Recently, the application of ML to even basic laboratory information, such as age and the components of the basic lipid profile, have been shown to meet, or even surpass, the performance of clinical diagnostic tools in the identification of FH when measured against the gold standard of FH-mutation testing. (5)(6) In these investigations, higher concentrations of age-adjusted total cholesterol and LDL-C and lower concentrations of high-density lipoprotein cholesterol and triglyceride concentrations were good predictors of mutation-proven FH.

Of course, the addition of clinical information, such as tendon xanthomata presence, and more extensive biochemical investigations, such as lipoprotein (a), may further improve the accuracy of these tools, but the improvement in performance that these additions bring must be weighed against the availability of the extra variables. This is especially important when the intent of the ML tool is for population-wide identification of previously unidentified FH individuals on a typical LIS.

Regardless of the approach used in developing the ML algorithm, it is clear that the application of machine learning can improve on our current approaches in the screening for, and diagnosis of, familial hypercholesterolemia.


  1. Hu P, Dharmayat KI, Stevens CAT, Sharabiani MTA, Jones RS, Watts GF, et al.
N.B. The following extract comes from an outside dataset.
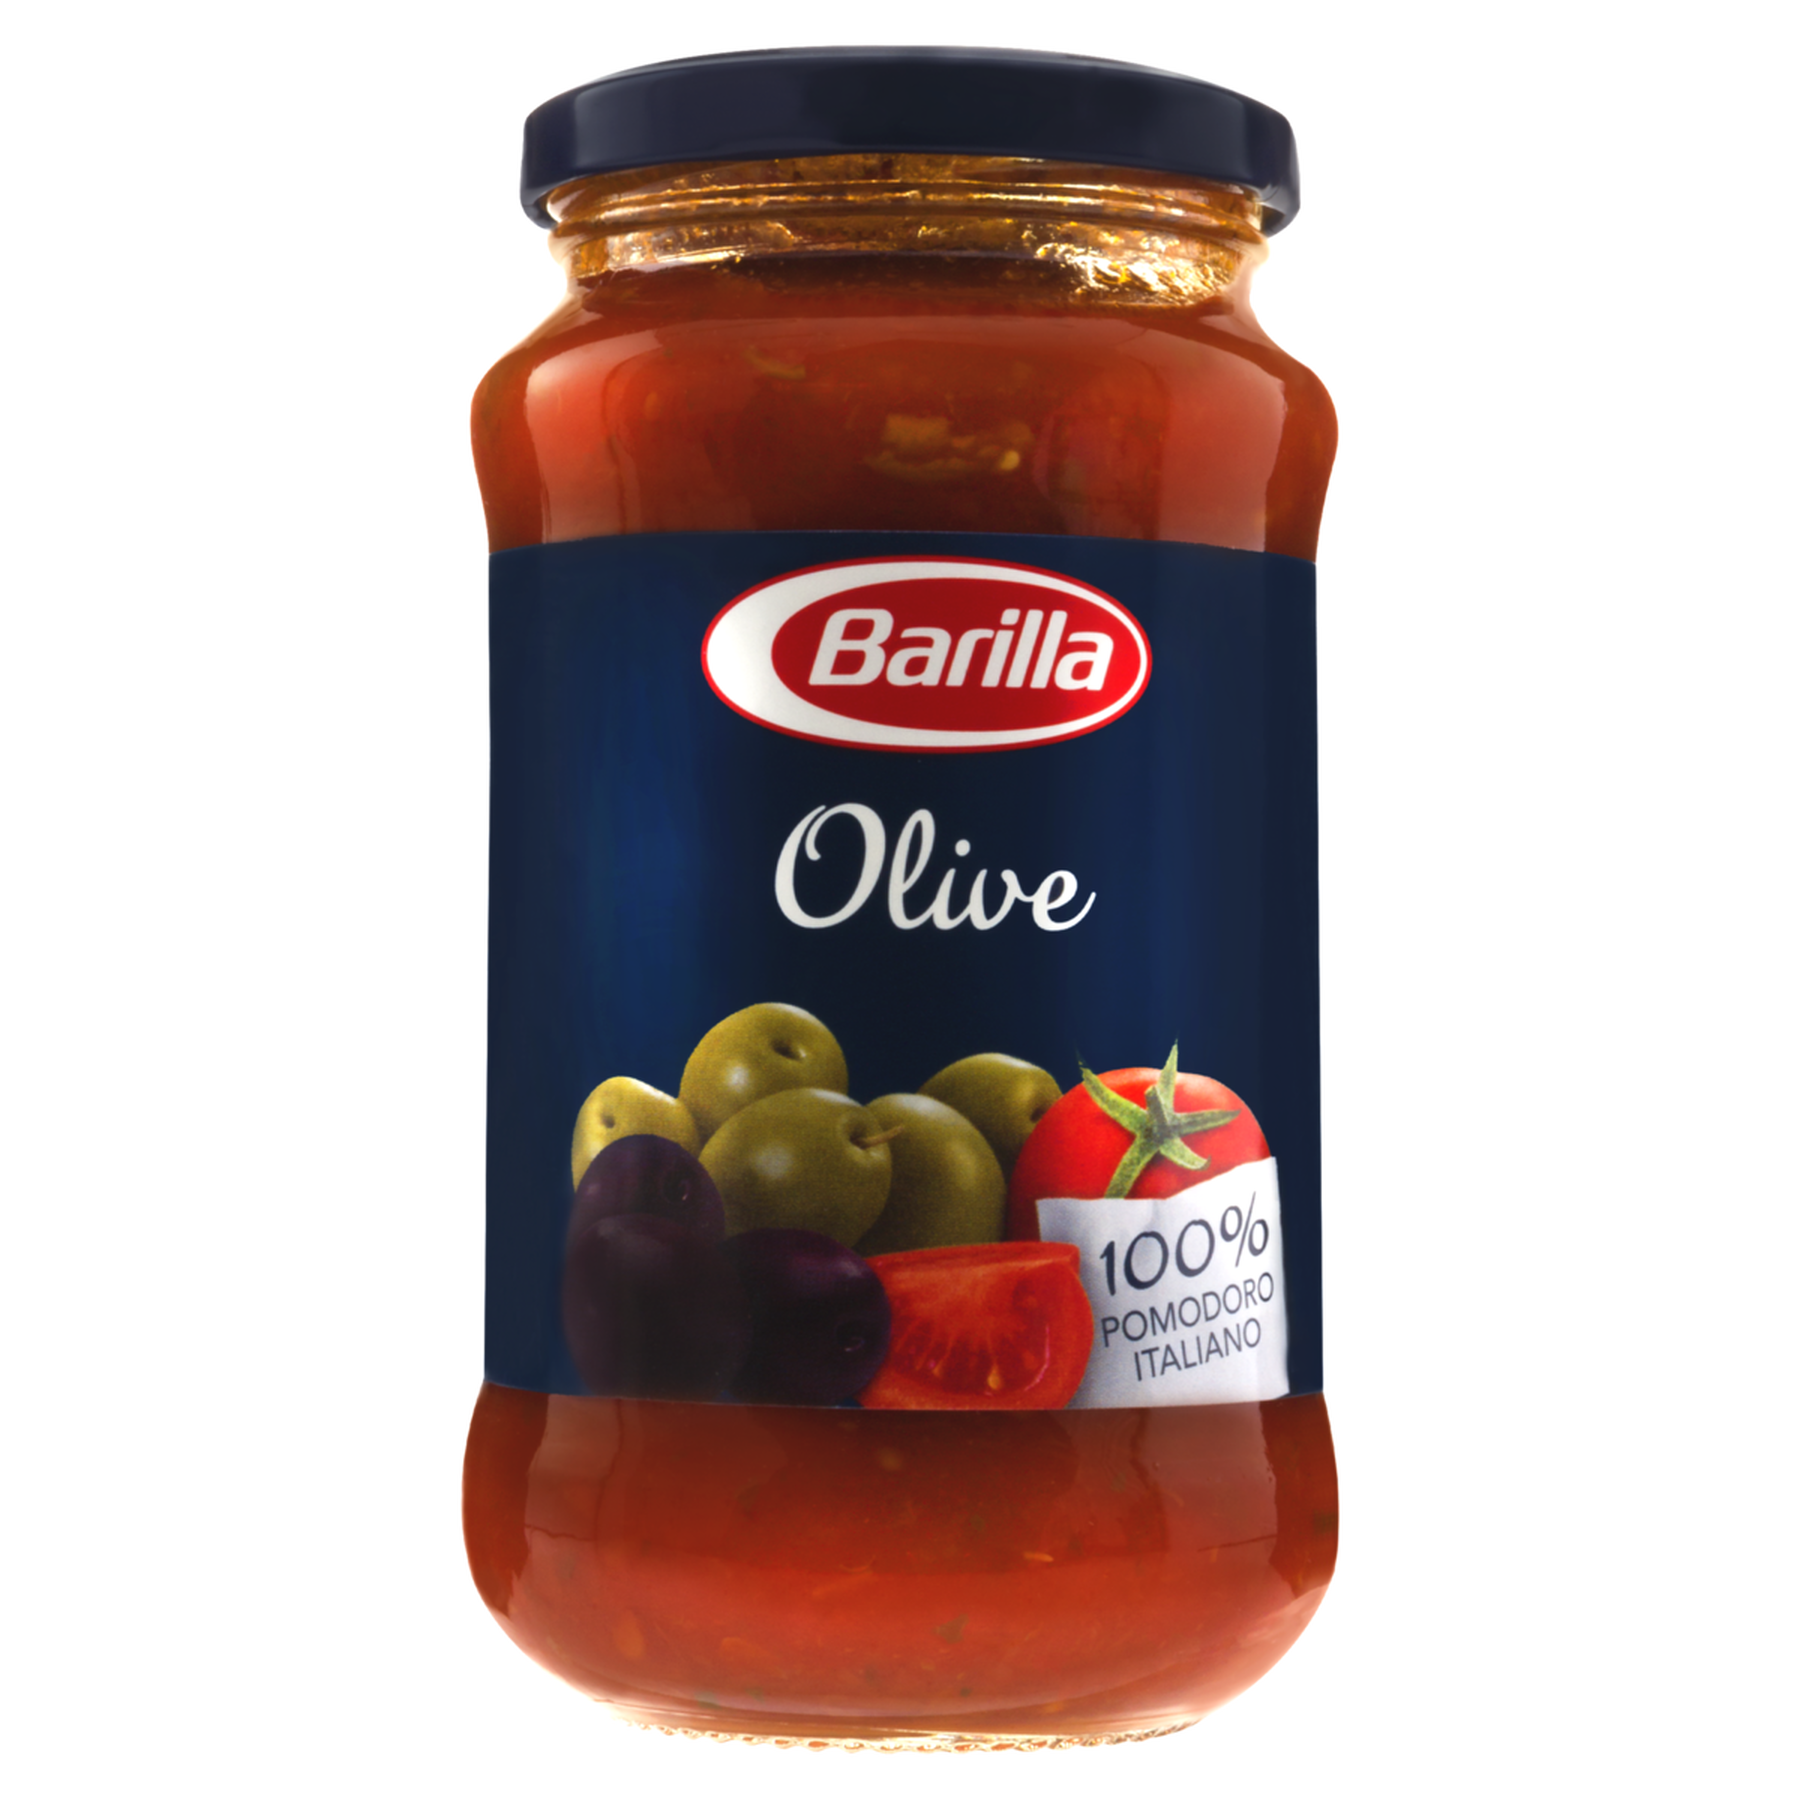 Molho de Tomate Olive Barilla Vidro 400g

Prevalence of Familial Hypercholesterolemia Among the General Population and Patients With Atherosclerotic Cardiovascular Disease. Circulation [Internet]. 2020 Jun 2 [cited 2020 Oct 26];141(22):1742–59. Available from: https://www.ahajournals.org/doi/10.1161/CIRCULATIONAHA.119.044795
  2. Nordestgaard BG, Chapman MJ, Humphries SE, Ginsberg HN, Masana L, Descamps OS, et al. Familial hypercholesterolaemia is underdiagnosed and undertreated in the general population: Guidance for clinicians to prevent coronary heart disease. Eur Heart J. 2013 Dec 1;34(45).
  3. Banda JM, Sarraju A, Abbasi F, Parizo J, Pariani M, Ison H, et al. Finding missed cases of familial hypercholesterolemia in health systems using machine learning. NPJ Digit Med [Internet]. 2019 [cited 2019 Sep 5];2:23. Available from: http://www.ncbi.nlm.nih.gov/pubmed/31304370
  4. Myers KD, Knowles JW, Staszak D, Shapiro MD, Howard W, Yadava M, et al. Precision screening for familial hypercholesterolaemia: a machine learning study applied to electronic health encounter data. Lancet Digit Heal. 2019;
  5. Pina A, Helgadottir S, Mancina RM, Pavanello C, Pirazzi C, Montalcini T, et al. Virtual genetic diagnosis for familial hypercholesterolemia powered by machine learning. Eur J Prev Cardiol [Internet]. 2020 Oct 4 [cited 2020 Oct 11];27(15):1639–46. Available from: http://journals.sagepub.com/doi/10.1177/2047487319898951
  6. Hesse R, Raal FJ, George JA. Machine learning outperforms traditional screening and diagnostic tools for the detection of familial hypercholesterolemia. In: AACC Annual Scientific Meeting. 2020.